They have different semantics than the for loop that you'd typically write
(and that Coffeescript generates), because they support things like arrays
with non-incremental keys. See the reference implementation at [1].

[1] [https://developer.mozilla.org/en-
US/docs/Web/JavaScript/Refe...](https://developer.mozilla.org/en-
US/docs/Web/JavaScript/Reference/Global_Objects/Array/map#compatibility)

------
rzimmerman
There's no evidence presented here that there's any significant (or even
negative) performance impact from the way the CoffeeScript compiles these list
comprehensions. Also, if your performance is constrained by a list
comprehension, there's nothing in CoffeeScript preventing you from using
"Array.filter" instead. By and large CoffeeScript compiles one-to-one with
JavaScript and when it doesn't, the resulting code is at least reasonably
performant.

I do agree that the default return behavior is probably a bad idea. It
probably came from Ruby, and I can see the appeal, but I've often created bugs
by accidentally using the implicit return, then adding something to the end of
a function. It's not really that big of a deal - I just as a policy always use
an explicit return.

------
city41
Also as an aside, CoffeeScript will only bother to populate the results array
if the comprehension is the last thing in the function. If there is anything
else that follows and you never use the result of the comprehension, then it
compiles into a simple for loop. This is because CoffeeScript can't know if
you actually plan to take advantage of its implicit return in this case.

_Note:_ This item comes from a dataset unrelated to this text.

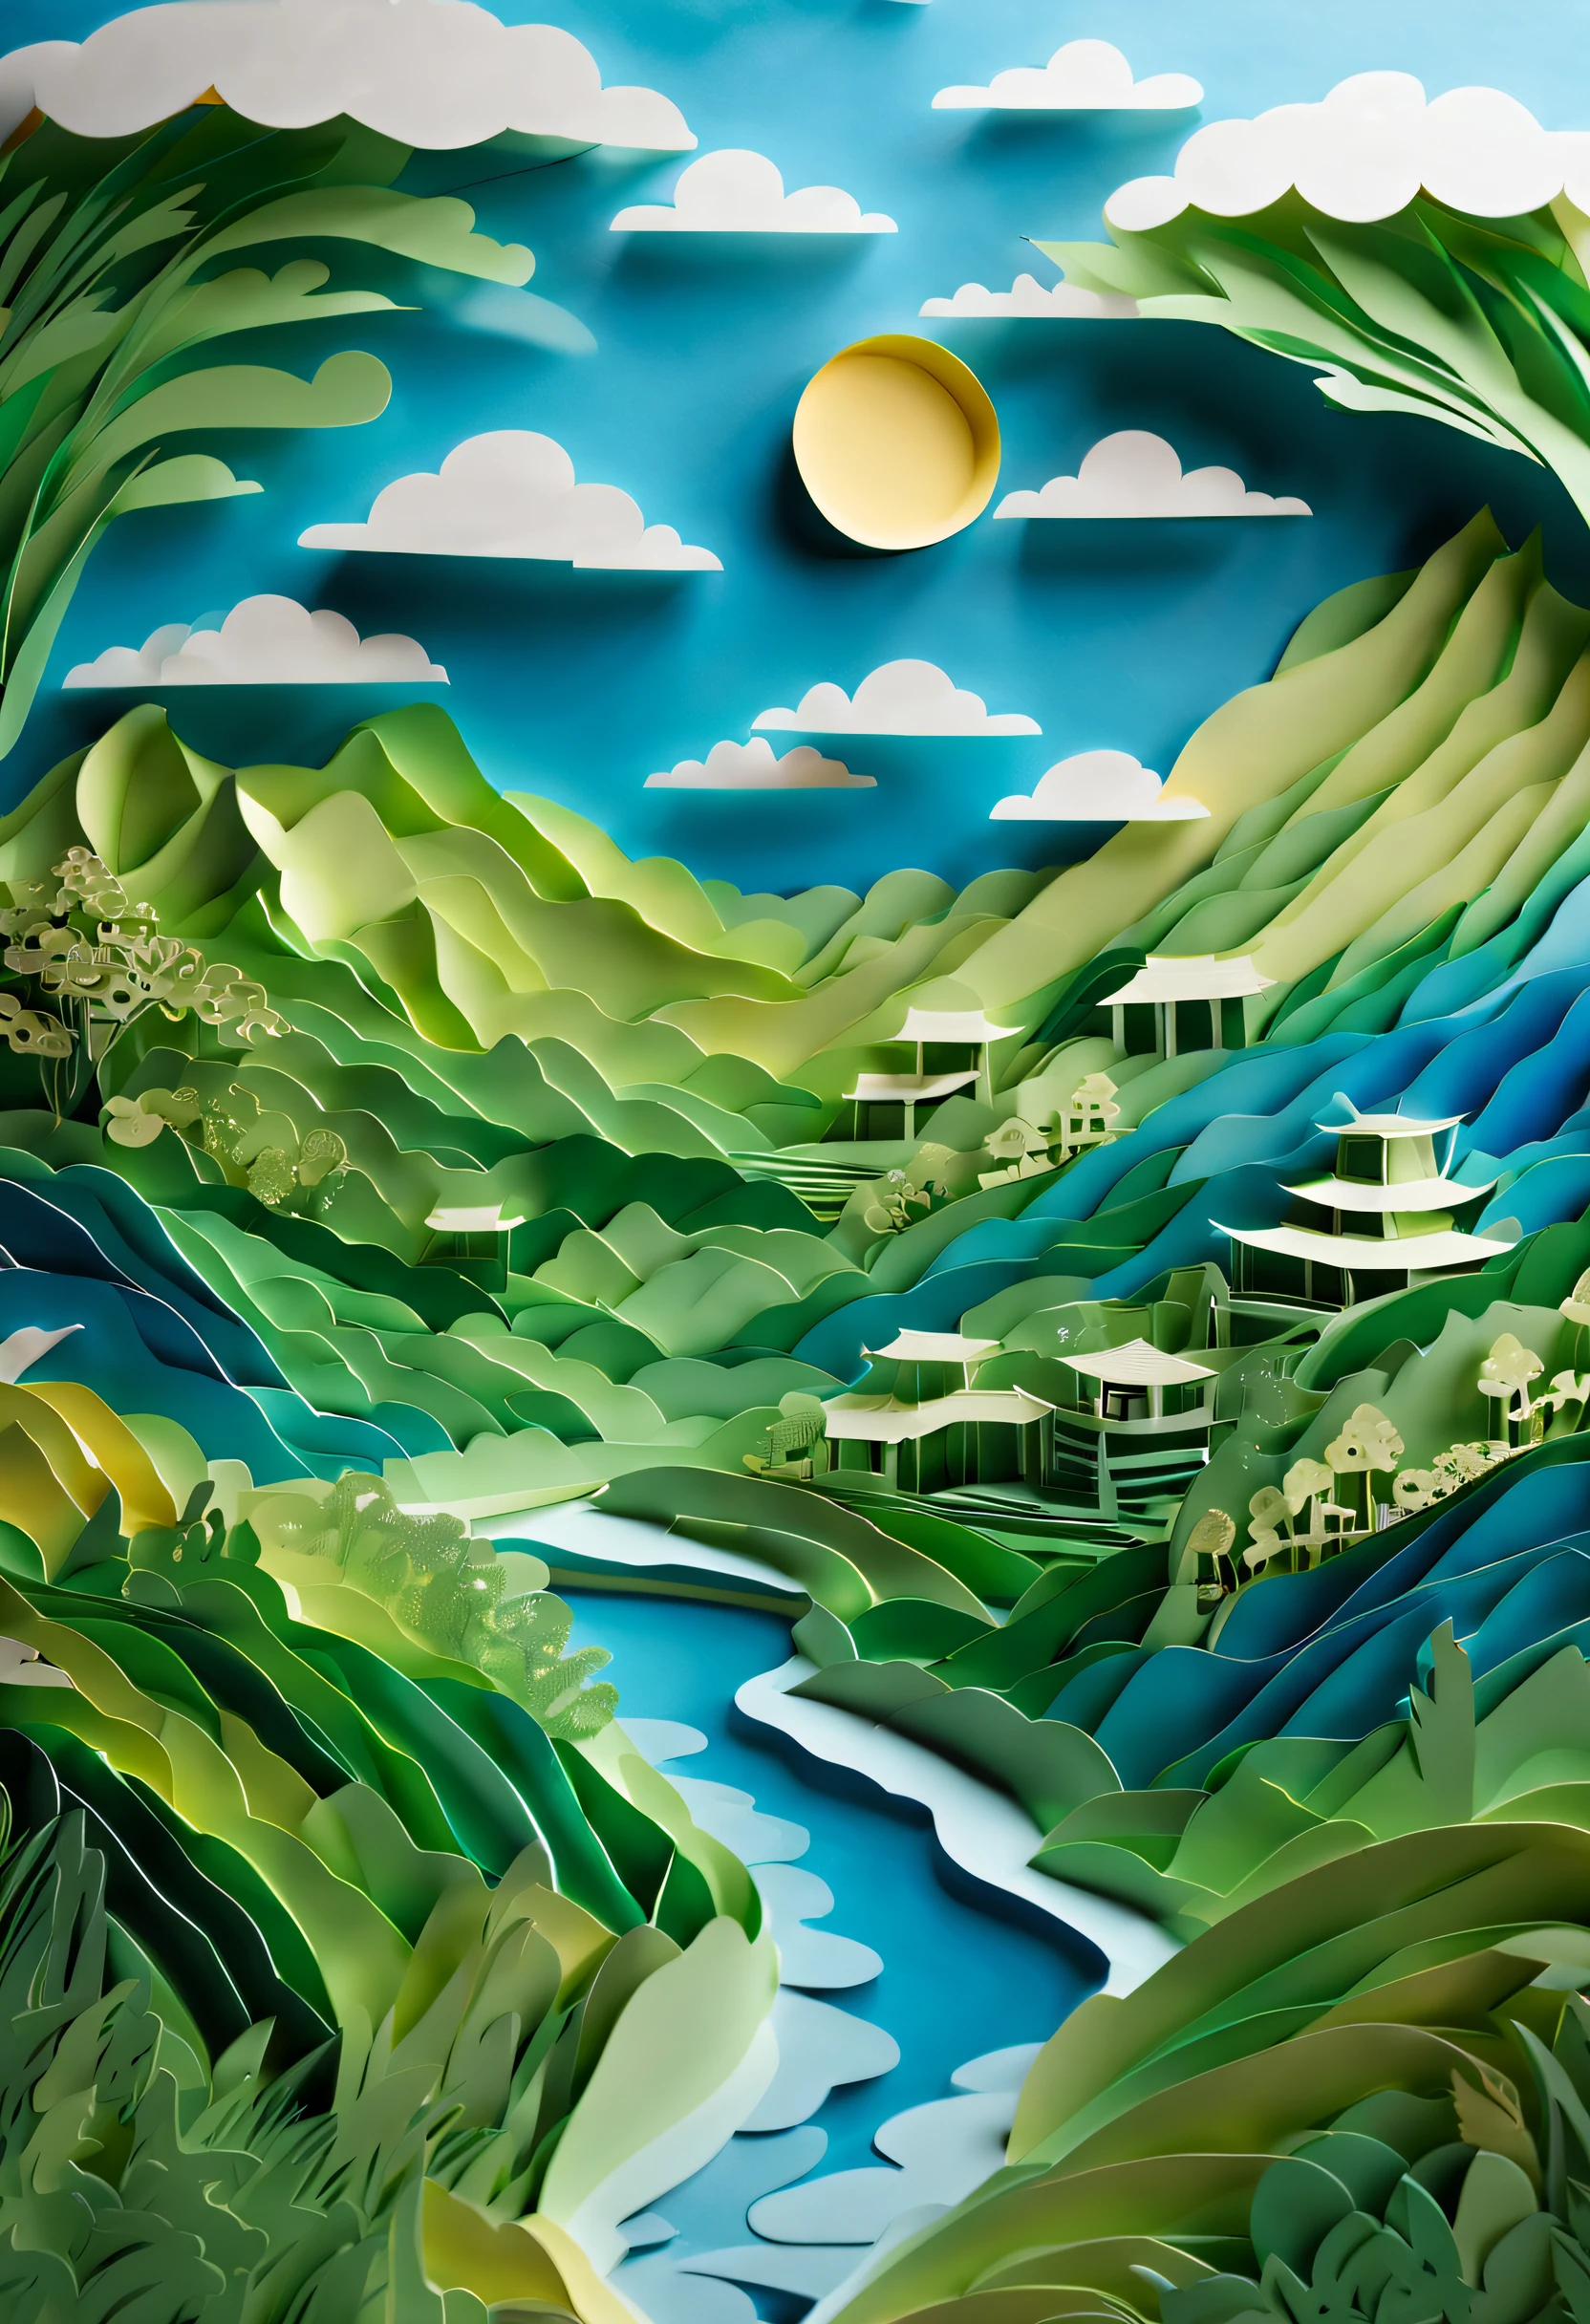 A paper art masterpiece with a stunning landscape of blue skies, white clouds, and lush green mountains and waters. The artwork showcases intricate paper cut-outs of terraced fields, bringing depth and dimension to the scene. The image quality is of the highest standard, with ultra-detailed paper textures and sharp focus. The paper art is skillfully crafted, resulting in a realistic and vivid portrayal. The colors are vibrant, with a harmonious blend of blues, greens, and whites. The lighting enhances the beauty of the scenery, with soft rays of sunlight illuminating the landscape. The artwork reflects the artistry of paper cutting, creating a captivating and awe-inspiring piece.

I have found I've been forced to add a dummy `return` at the end of some of my
CS methods because of this. It's one of only a very few complaints I have with
the language.

------
hardwaresofton
Hey quick question, maybe you should use map instead of filter?

[http://www.dotnetspeaks.com/DisplayArticle.aspx?ID=117](http://www.dotnetspeaks.com/DisplayArticle.aspx?ID=117)
(random site with example)

map is the functional equivalent of what you're trying to do there, not
filter.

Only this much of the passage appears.